Topic: Science and Technology- developments and their applications and effects in everyday life

5)Examine the advantages of and issues involved in creation of DNA database for India? (250 words)

The hindu

 

Why this question

Creation of a DNA database has several advantages but raises several issues as well. The government has been making efforts in making a law on the subject with the DNA profiling Bill. DNA technology has also progressed a lot in recent years. All this has made it imperative for us to examine the issues and advantages in detail.

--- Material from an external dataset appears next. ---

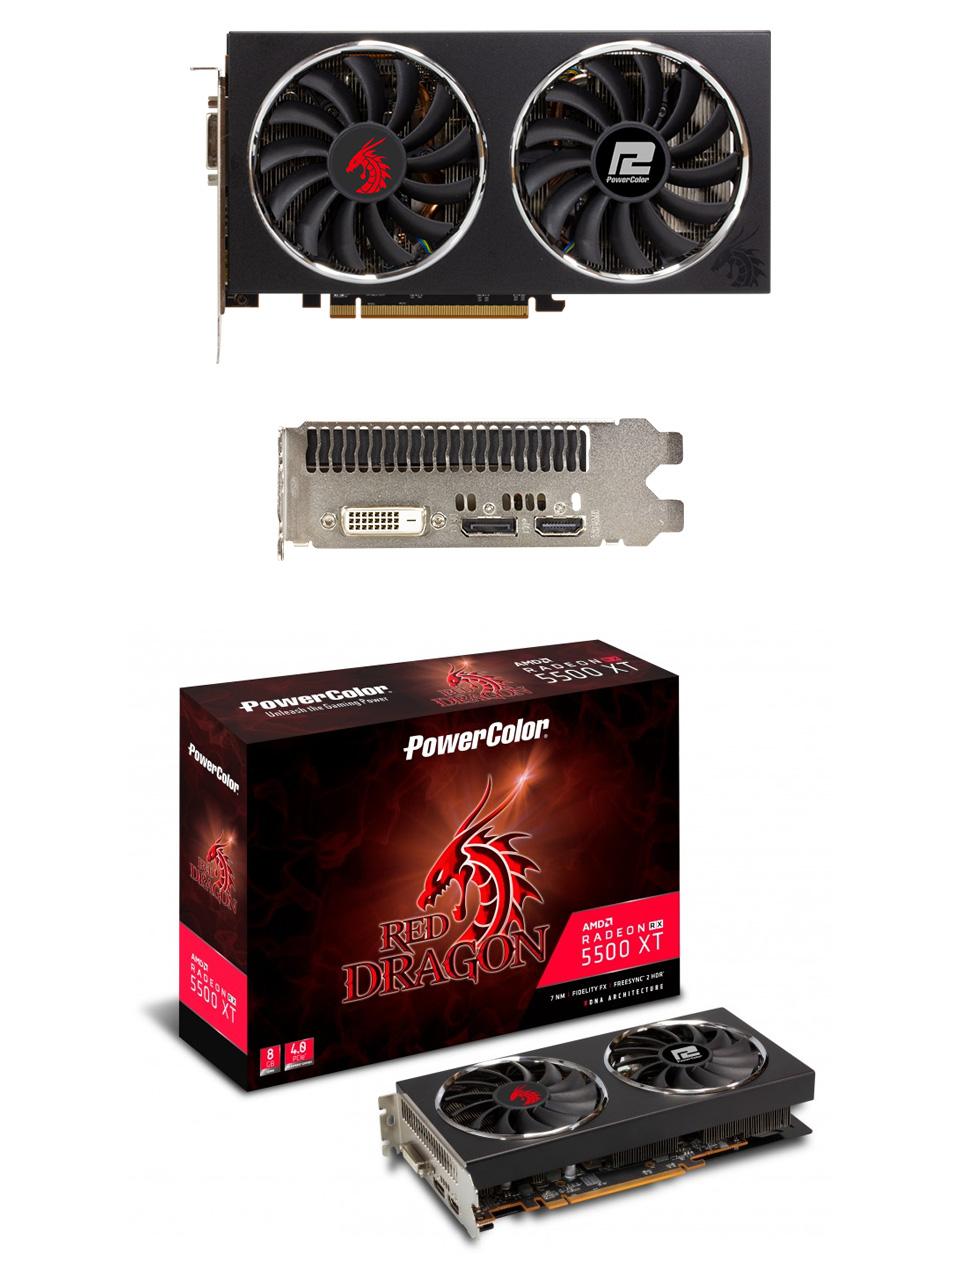 PowerColor Radeon RX 5500 XT Red Dragon 8GB product
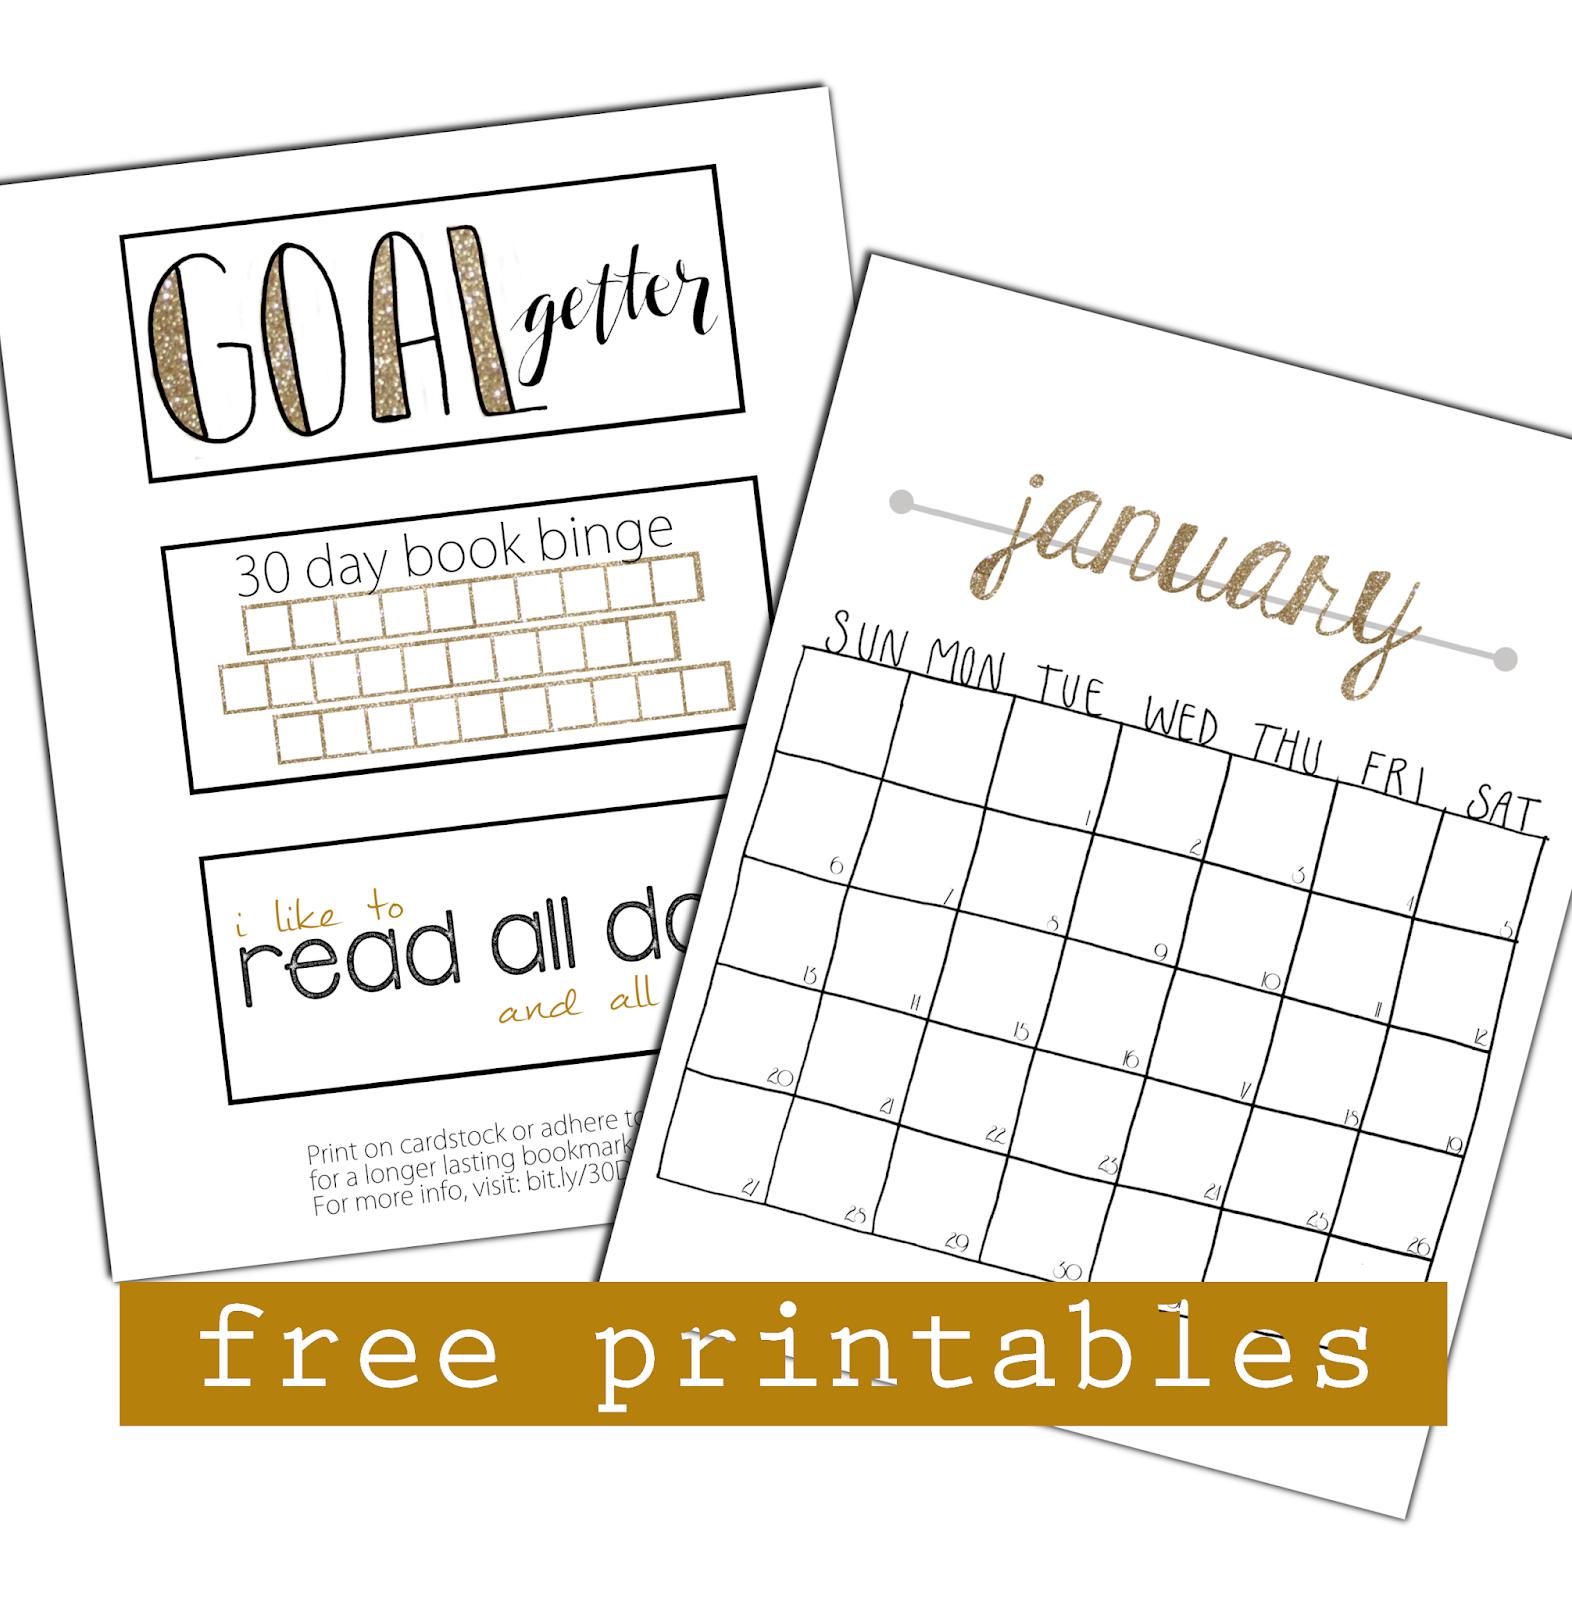 - The Book Rat: 30 Day Book Binge (7) FREE PRINTABLES!

Key demand of the question

The advantages of DNA profiling has to be brought about. Thereafter the various issues that it raises like – civil liberties, efficiency in solving crimes, database management, issues with the technology etc need to be brought out.

Directive word

Examine – When you are asked to examine, you have to probe deeper into the topic,  get into details, and find out the causes or implications if any .

 

Structure of the answer

Introduction – bring out the fact that DNA profiling is increasingly being used as a means of tackling crime and India is also making efforts to regulate DNA profiling.

Body

  • Explain how DNA profiling or creation of DNA database works
  • Explain the advantages of doing so
  • Examine the issues from various perspectives as discussed above.
  • Highlight the experiences of other countries and the lessons we can draw from them
  • Examine the impact if these issues are not addressed through a suitable legislation
  • Mention some ways to deal with this in light of SC judgement in K puttaswamy case etc

Conclusion – Mention the immense scope of these technologies but at the same time the need for an effective regulation.

 

Background :-

  • India’s Human DNA Profiling Bill 2015 proposes to set up a national DNA database of criminals that will include rapists, murderers and kidnappers.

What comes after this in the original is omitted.